When many novice programmers learn python, they always feel headaches about python modules and libraries, because there are too many! It is impossible for anyone to remember the usage of each module. Therefore, I have summarized the commonly used modules and usage here, hoping to be helpful to everyone!

The details of the benefits at the end of the article (python learning dry goods summary) are at the end of previous articles: student party benefits! Learn python computer and configure a large inventory, games and learning are correct

Table of contents

1. OS module

2. Sys module

3. XPath module

4. re module

5. Parsel module

6. Urlparse module

7. Soket module

8. Threading module

9. Types module

10. Selenium module

11. Pygame module

12、numpy

13、pandas

14、Requests

15、Beautiful Soup


1. OS module

The OS module provides convenient access to operating system functions

OS common methods (part):

os.remove() deletes a file

os.unlink() deletes a file

os.rename() renames a file

os.listdir() lists all files in the specified directory

os.getcwd() Get the current file path

os.mkdir() Create a new directory

os.rmdir() delete empty directory (delete non-empty directory, use shutil.rmtree())

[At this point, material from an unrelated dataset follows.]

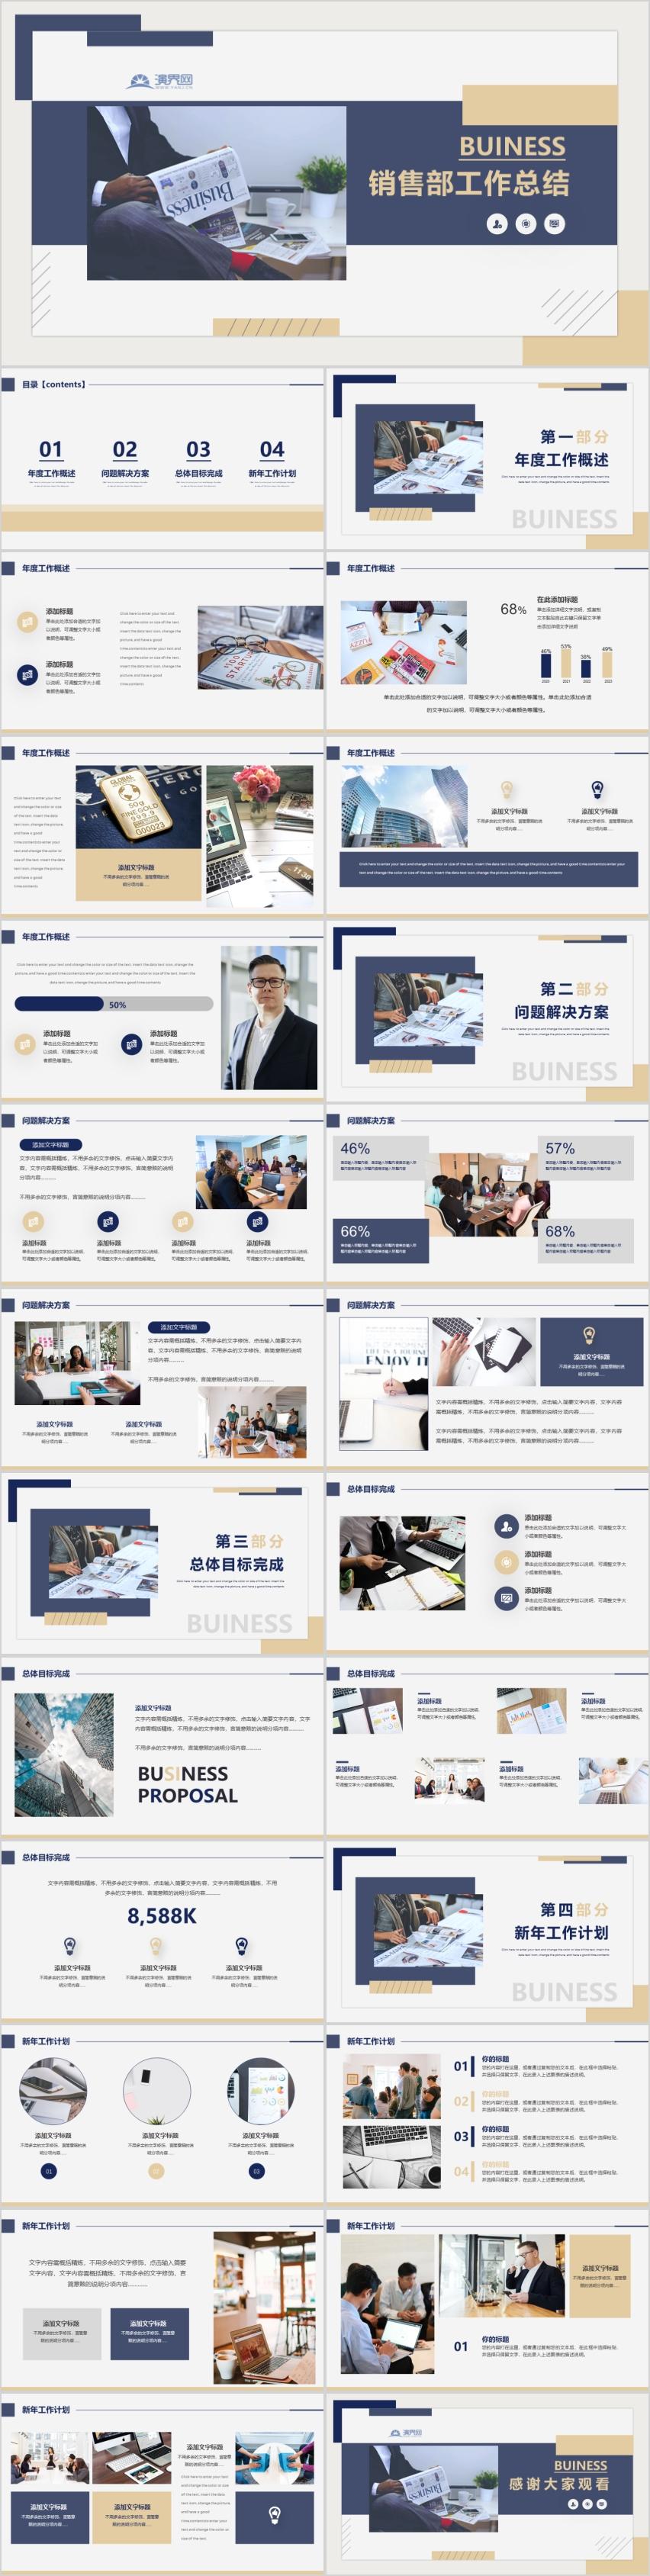 欧美简约风商务公司企业销售部工作总结年终总结新年计划PPT模板
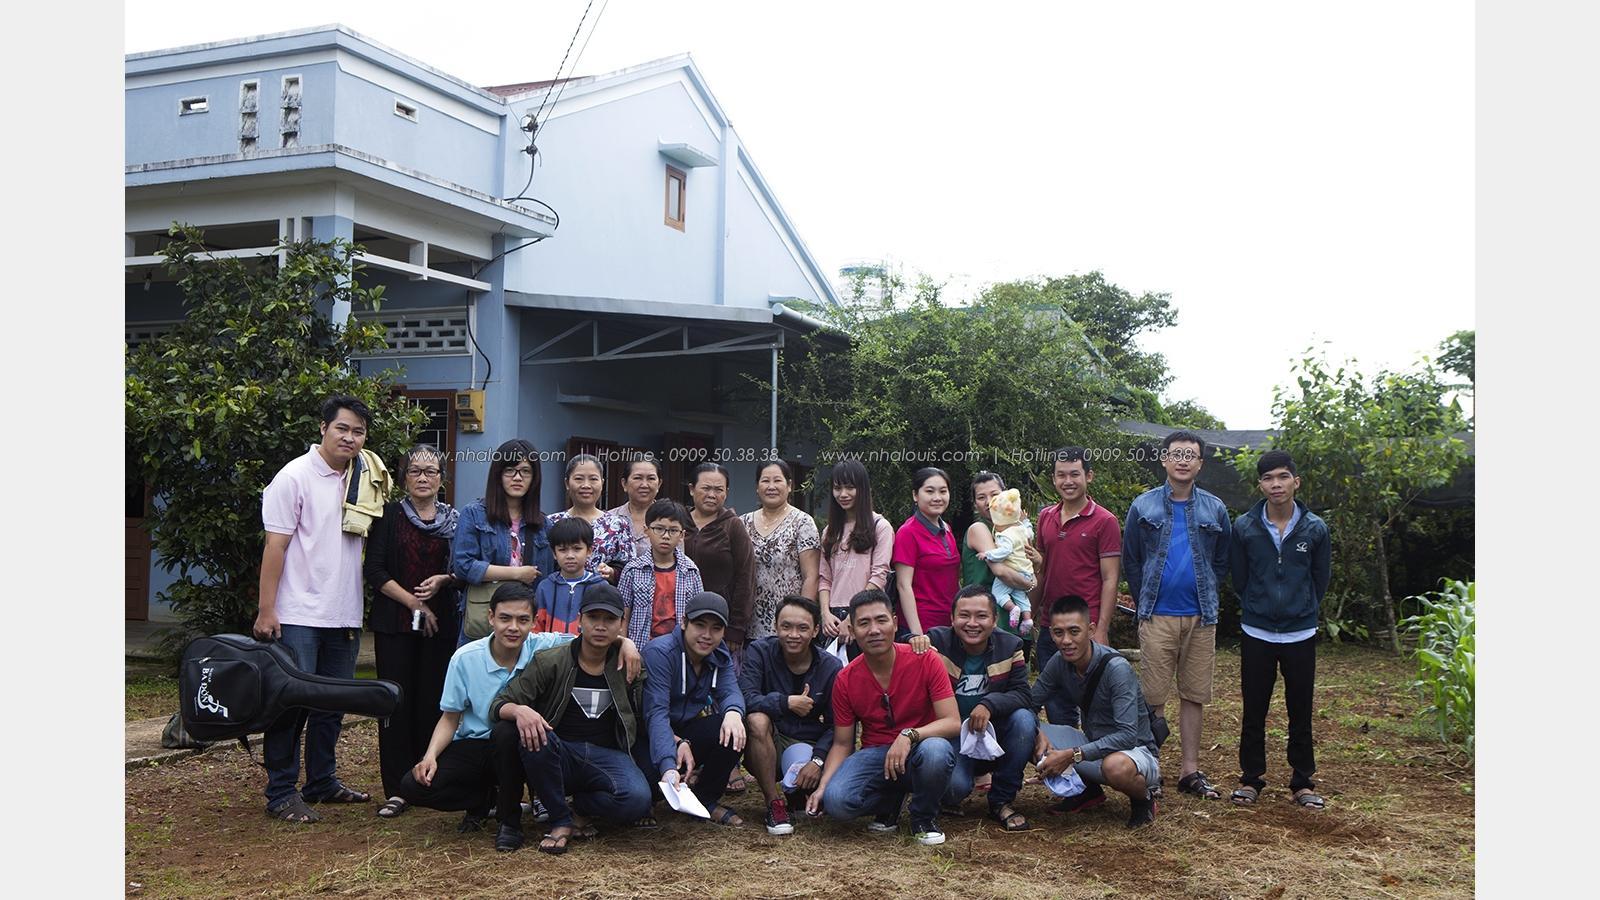 Tham quan,du lịch nghỉ dưỡng tại thành phố Bảo Lộc

os.makedirs() Create multi-level directories

os.system() Execute operating system commands

os.execvp() starts a new process

os.execvp() Execute external program script (Uinx)


2. Sys module

The SYS module provides functions for accessing variables used or maintained by the interpreter and for interacting with the interpreter.

Simply put, os is responsible for the interaction between the program and the operating system, and provides the interface for the program to access the bottom layer of the operating system; sys is mainly responsible for the exchange between the program and the python parser, providing a series of functions and variables for controlling the operating environment of pyhton.

Sys common method:

sys.argv Command line parameter list, the first element is the path of the program itself

sys.modules.keys() returns a list of all imported modules

sys.exit(n) Exit the program, exit(0) when exiting normally

sys.version Get the version information of the Python interpreter

sys.platform returns the operating system platform name

sys.stdout standard output

sys.stdout.writelines() no newline output

sys.stdin standard input

sys.stdin.read() Input a line

sys.stderr error output

sys.executable Python interpreter path

sys.getwindowsversion() Get the version of Windows

3. XPath module

XPath, a language for finding information in XML documents, includes a standard library of functions. In short, xpath is a syntax for finding elements based on paths in xml documents.

xpath common terms:

Element: A tag in the document tree is an element.

Node: Indicates a certain position of the xml document tree, for example / represents the root node, which represents the starting position of the document tree, and elements can also be regarded as nodes at a certain position.

Attribute: lang in <title lang="eng">Harry Potter</title> is an attribute of a certain node.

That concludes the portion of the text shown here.